Oracle Stock Down 58%: Time to Buy the Dip?
💡 Key Takeaway
Oracle's 58% drop reflects fears over massive debt and spending, but its $638B backlog and 93% cloud growth make it a high-risk, high-reward play.
What Happened to Oracle?
Oracle's stock has fallen 58% from its September 2025 peak of $345.72, now trading around $144. This decline comes despite the company reporting record revenue of $67.4 billion in fiscal 2026, up 17% year over year, and net income of $17 billion, up 37%.
In the fiscal fourth quarter, revenue grew 21% to $19.2 billion. Cloud revenue surged 47% to $9.9 billion, with Oracle Cloud Infrastructure (OCI) jumping 93% to $5.8 billion. The company's remaining performance obligations (backlog) reached an astonishing $638 billion, up 363% from a year earlier.
However, the market is focused on the cost of this growth. Capital expenditures hit $55.7 billion in fiscal 2026, and Oracle raised $43 billion in debt to fund the build-out. Free cash flow turned deeply negative as the company races to build data centers ahead of demand.

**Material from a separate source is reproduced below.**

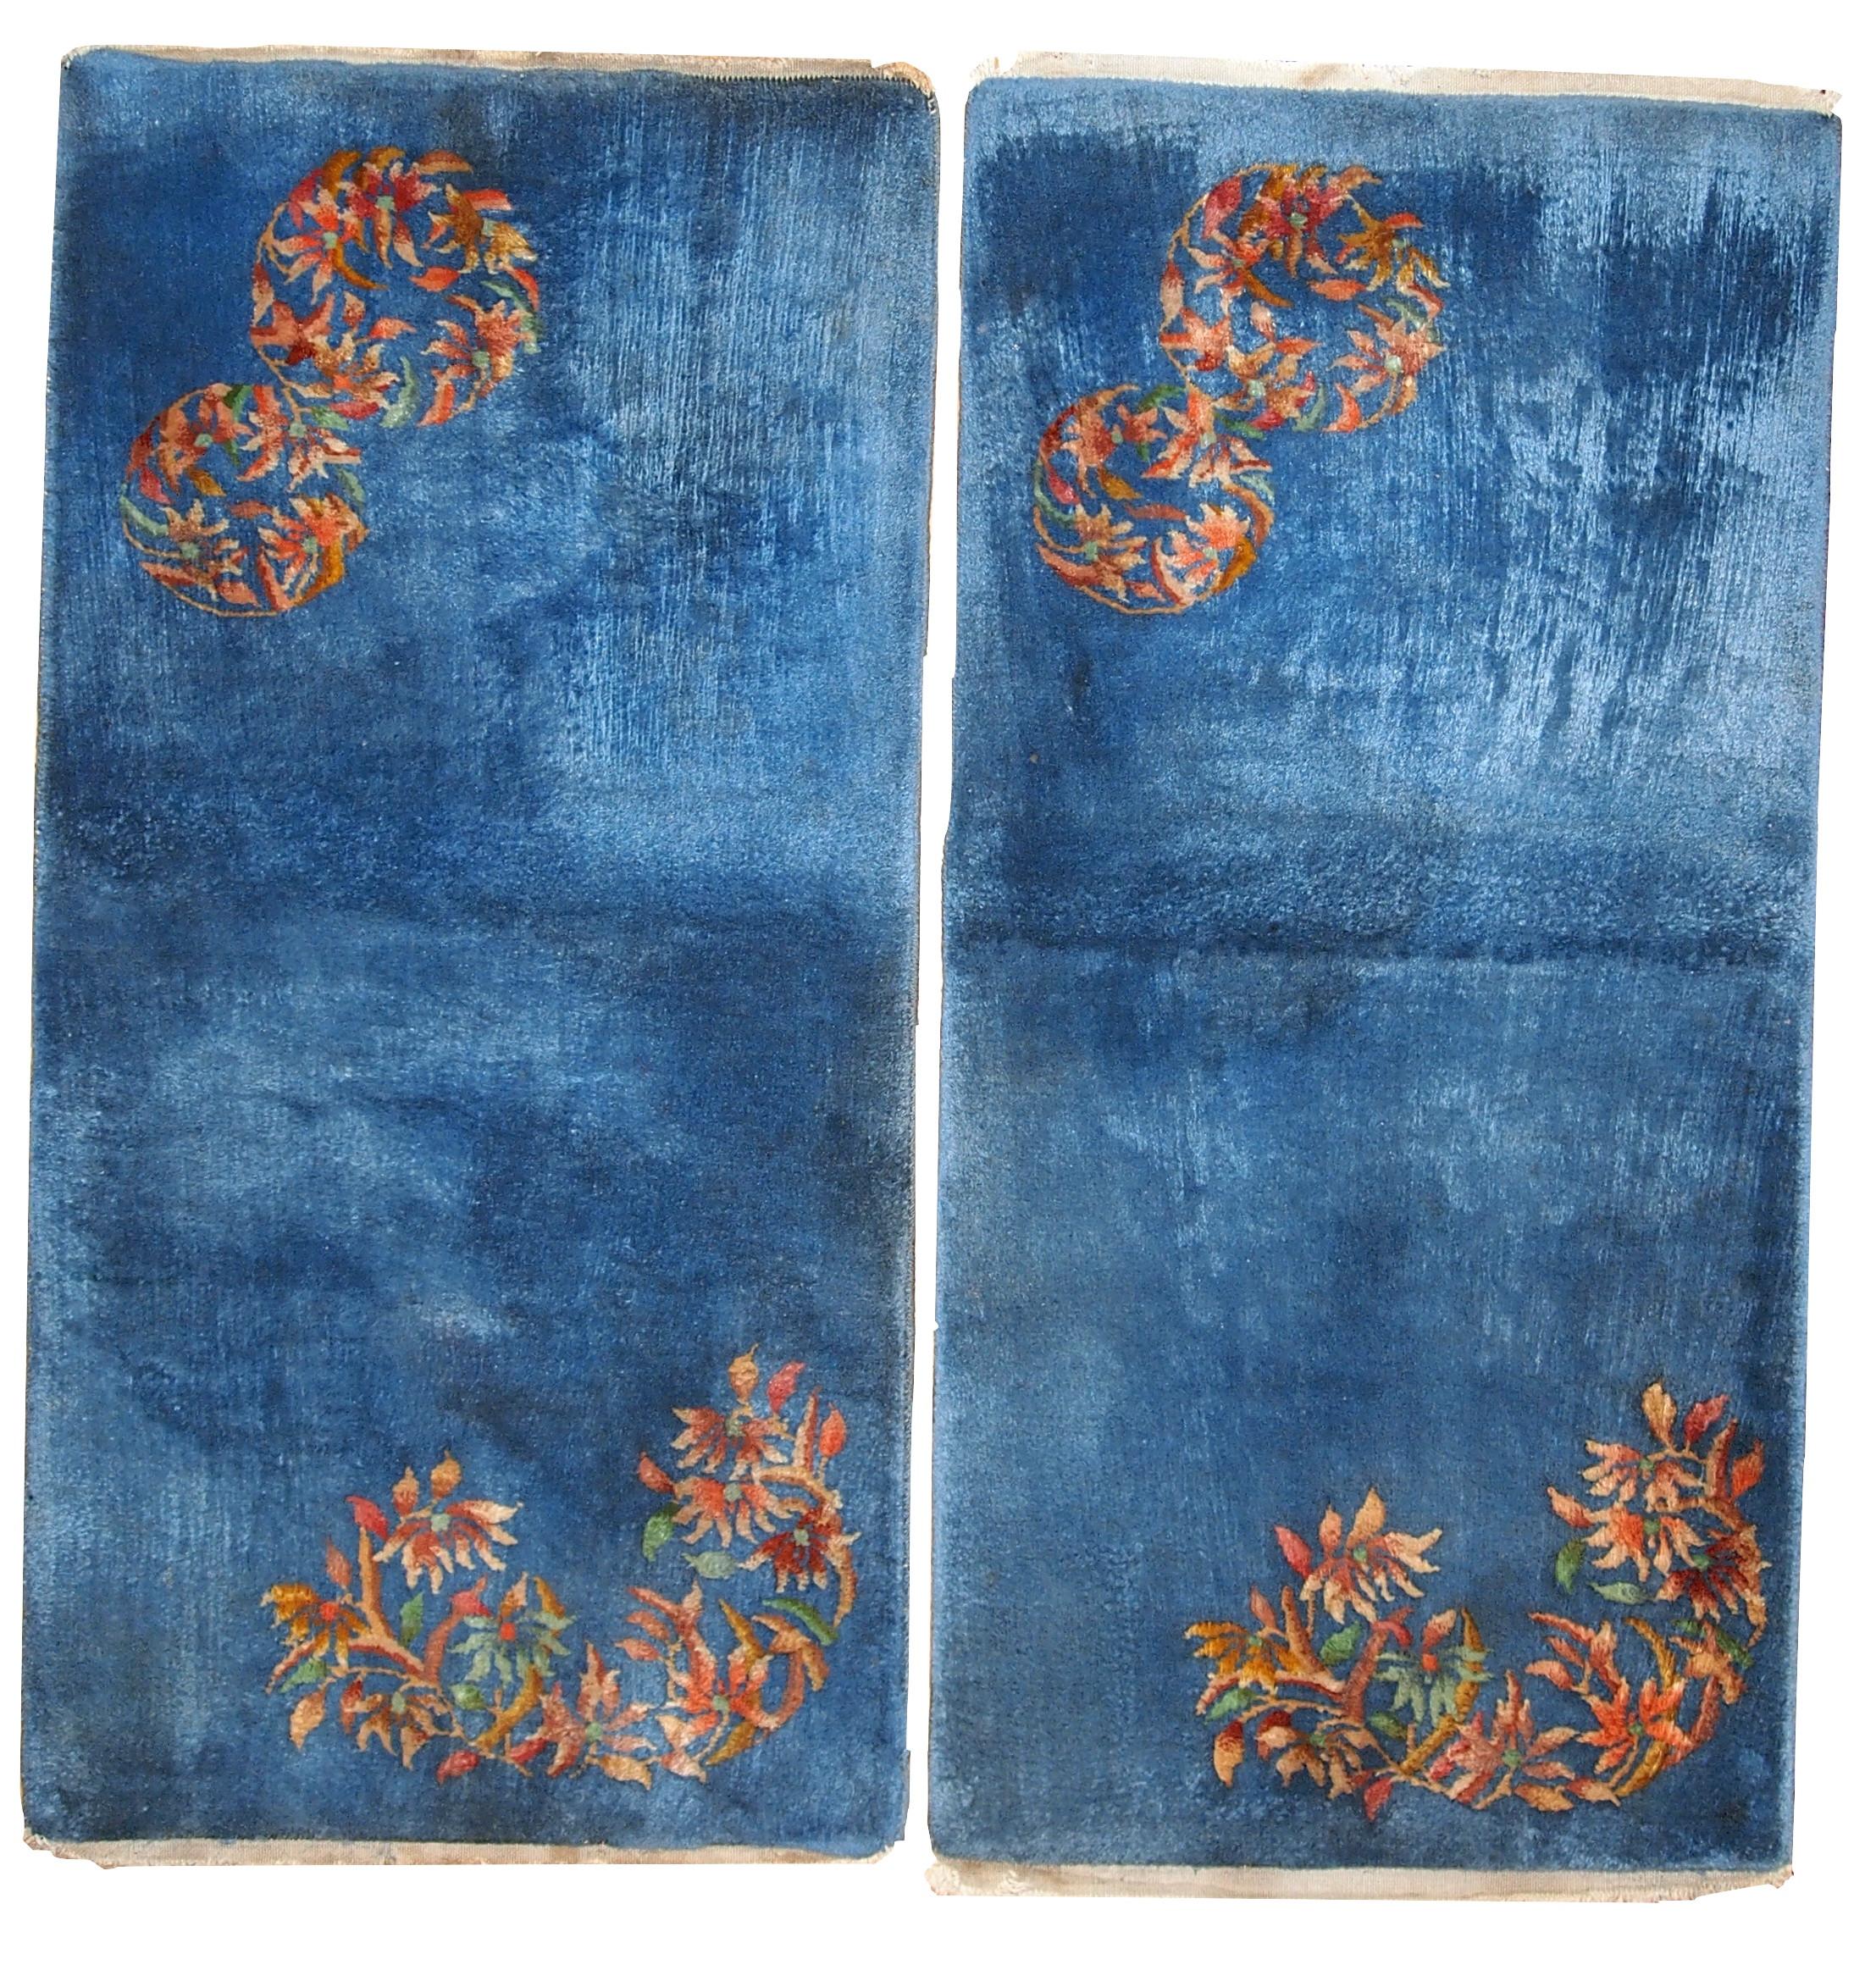 Handmade Vintage Art Deco Chinese Rugs

The backlog is heavily concentrated among a few large AI customers, which adds risk. If demand softens or returns on spending disappoint, the debt burden remains while growth slows.

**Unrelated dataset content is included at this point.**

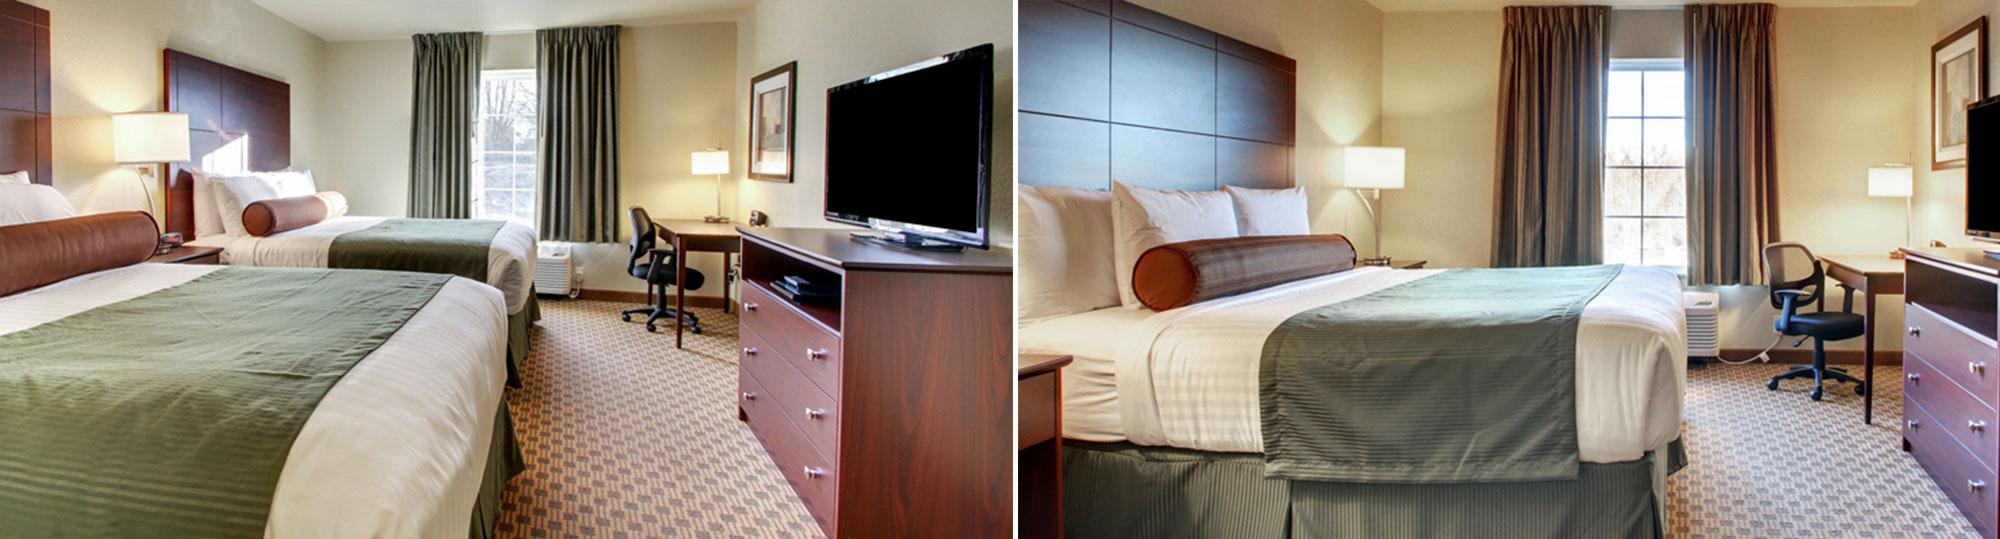 Cobblestone Hotel and Suites Newport

Why It Matters for Investors
Oracle's situation is a classic case of execution risk versus valuation. The 58% decline has made the stock cheaper, trading at about 25 times earnings and 17 times forward earnings. For a company still growing revenue at double digits and cloud at 93%, that's not expensive.
But the bear case is equally strong. Oracle's massive debt and negative free cash flow leave little room for error. The company's future now depends on financing and filling data centers, a riskier business model than its traditional software sales.

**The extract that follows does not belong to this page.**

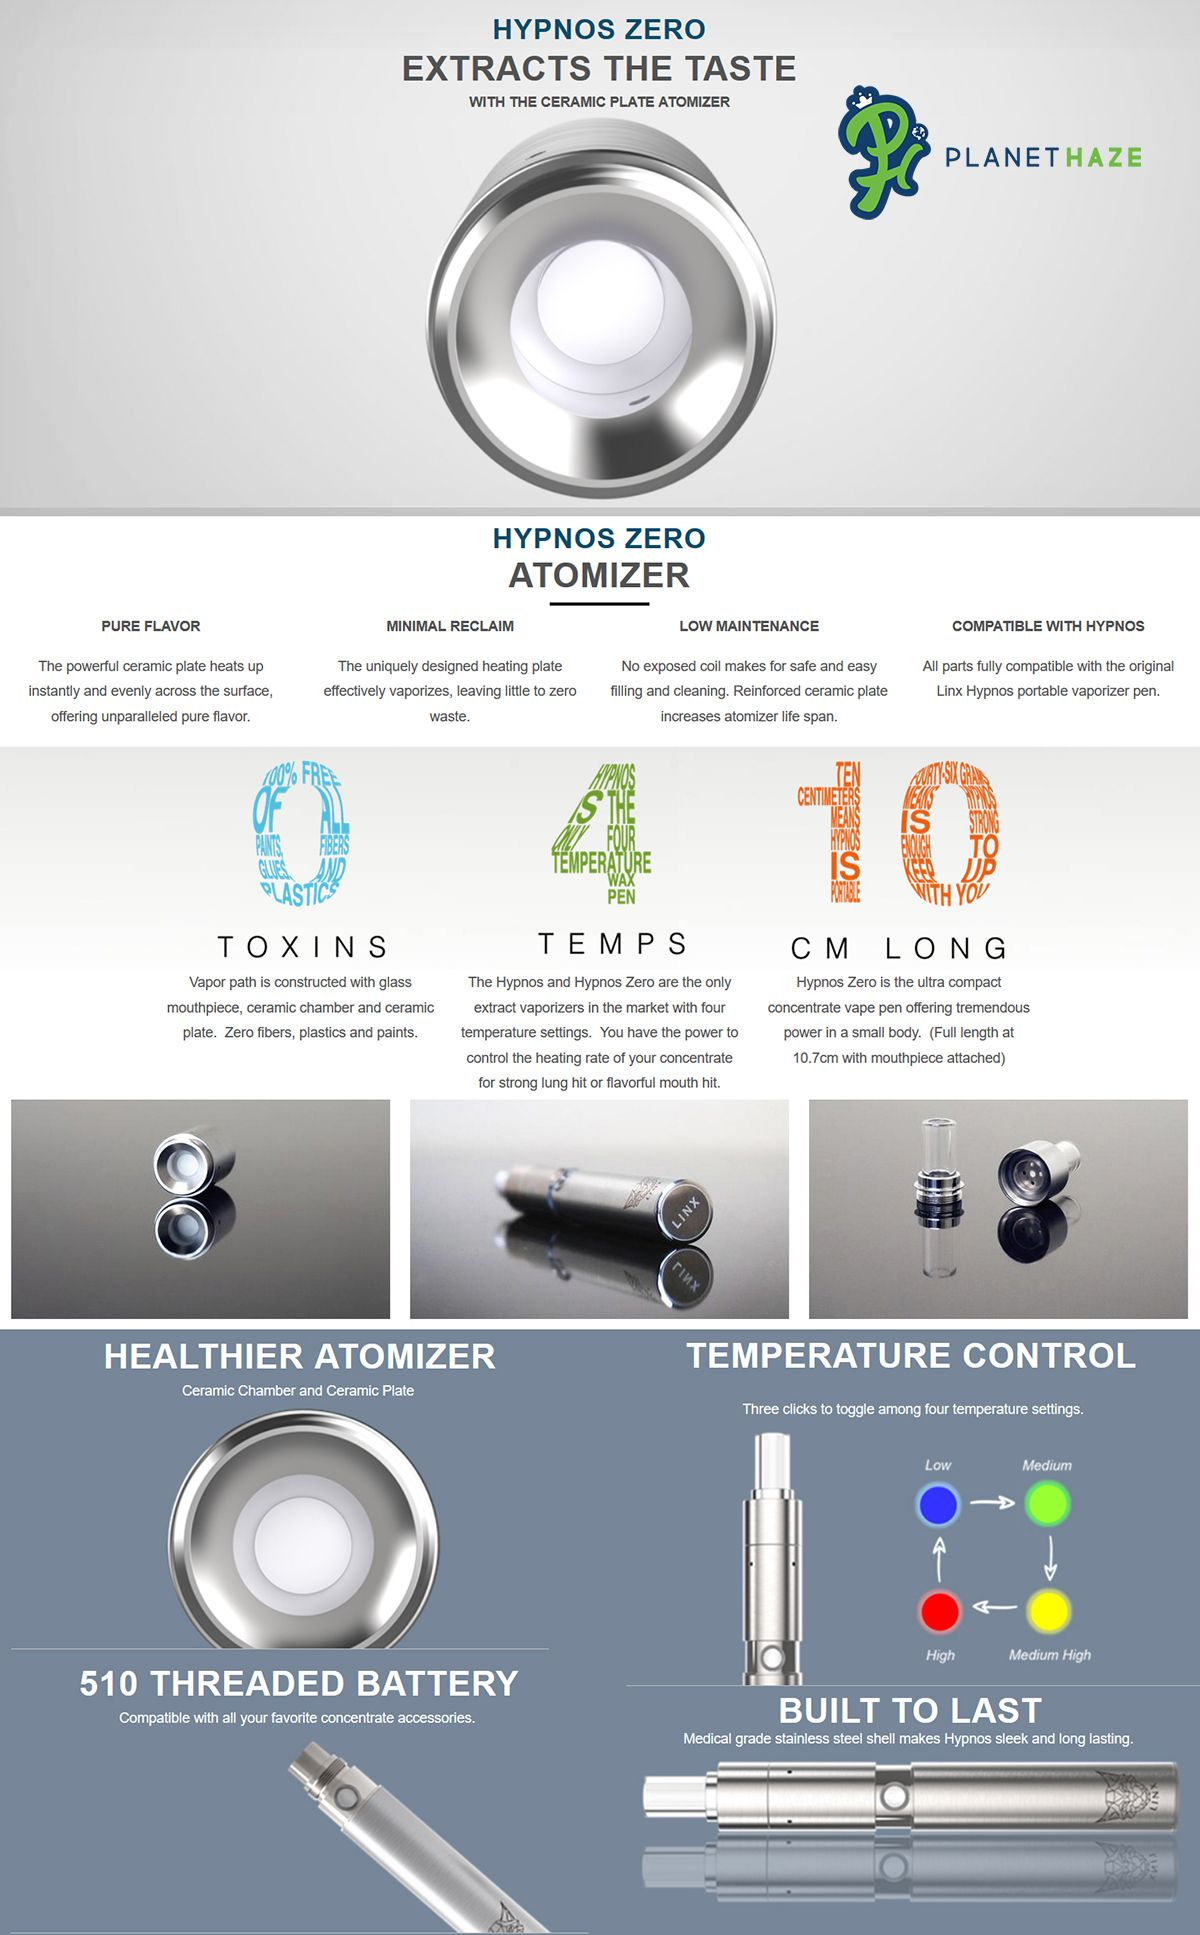 Linx Hypnos Zero Features

If Oracle successfully converts its $638 billion backlog into profitable revenue, today's price could look like a bargain. However, if AI demand cools or execution falters, the stock could fall further. The market is pricing in significant skepticism, but that doesn't guarantee a recovery.
For investors, the key question is whether Oracle can turn its backlog into cash without over-leveraging. The stock's fate hinges on the AI cloud boom continuing and Oracle's ability to deliver on its massive contracts.
Source: The Motley Fool
Analysis generated by Bobby AI quantitative model, reviewed and edited by our research team. This is not financial advice. Always do your own research before making investment decisions.
Bobby Insight

Oracle is a high-risk, high-reward play; start small and wait for proof of cash conversion.
The stock has priced in significant skepticism, but the debt-heavy build-out and customer concentration create real risk. A starter position is reasonable for believers in the AI cloud boom, but I'd wait for evidence of profitable backlog conversion before adding more.